FROM OLYMPICS TO NURSING HOME
FRIENDS were aplenty for Alfred Daley during his career as a sprinter for Jamaica.
Daley competed in three consecutive Summer Olympic Games in Munich in 1972, Montreal in 1976 and Moscow in 1980.
Fast-forward to 2021 and Daley, who won gold in the 400 metres event at the 1971 Central American and Caribbean Games, currently leads a lonely life in a nursing home at Schulman & Schachne in New York City.
And even though he cannot move around without using a walker, due to suffering a stroke, Daley finds solace in remembering his glory days as a runner and from time to time the 71 year old hallucinates about being called up for trials with the senior Jamaica men’s track team.
Despite these infrequent hallucinations, he manages to keep himself abreast with the latest updates on the Olympic Games to be held in Tokyo, Japan, according to his sister Sylvia Daley.
Sylvia told the Jamaica
Observer that she tries to communicate with him on a weekly basis but said he would be in a much better place, mentally, if he wasn’t harbouring feelings of abandonment from friends and associates. She said it may be as a result of people being unaware of his current status and location, and she would be grateful if those who were once close to him began rallying around him again.

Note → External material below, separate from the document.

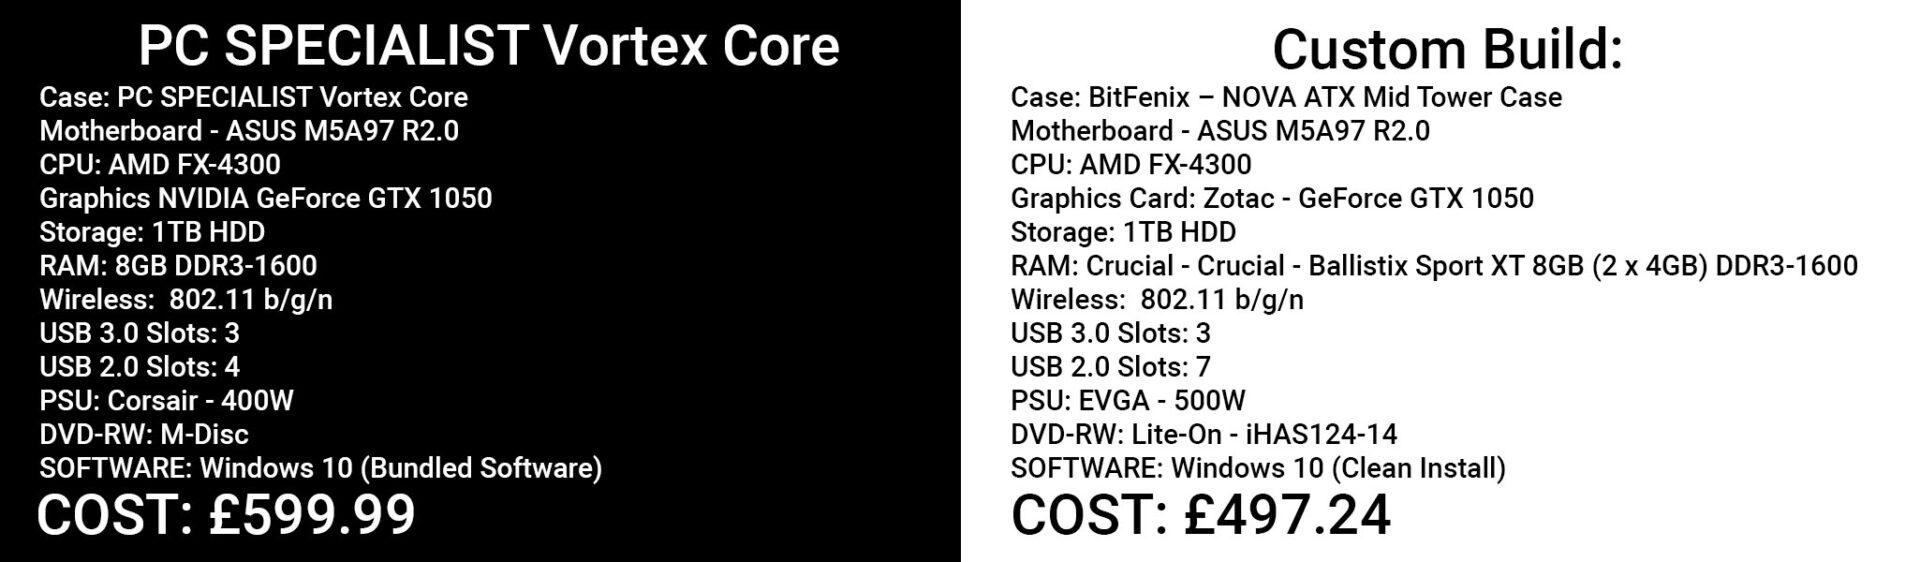 PC Specialist Vortex Core compared to Custom build

“For the last four years he has been in a nursing home. Alfred had a stroke some years ago and for the last five years he needs help because he has a balance issue when he walks, and so he is in a nursing home in Brooklyn. He has been doin, well, thank God. He hasn’t been ill otherwise. Thank God he has remained healthy throughout this period and we expect that he will continue to remain healthy. Each week, on Tuesdays at around 2:00 o’clock, we speak for half an hour on Face Time with Alfred.
“He is fine and is reading all he can on the upcoming Olympics in Tokyo. He is still a big track and field enthusiast. He watches football, baseball and other sports but track and field is his love. A handful of his track and field friends visit him at Schulman & Schachne nursing home, however we would very much like his many friends to give him a call or get in touch with him. He longs to see and hear from them. He has a lot of old friends living in the tri-state area but they just don’t know where he is or what the situation is,” she told the Sunday Observer.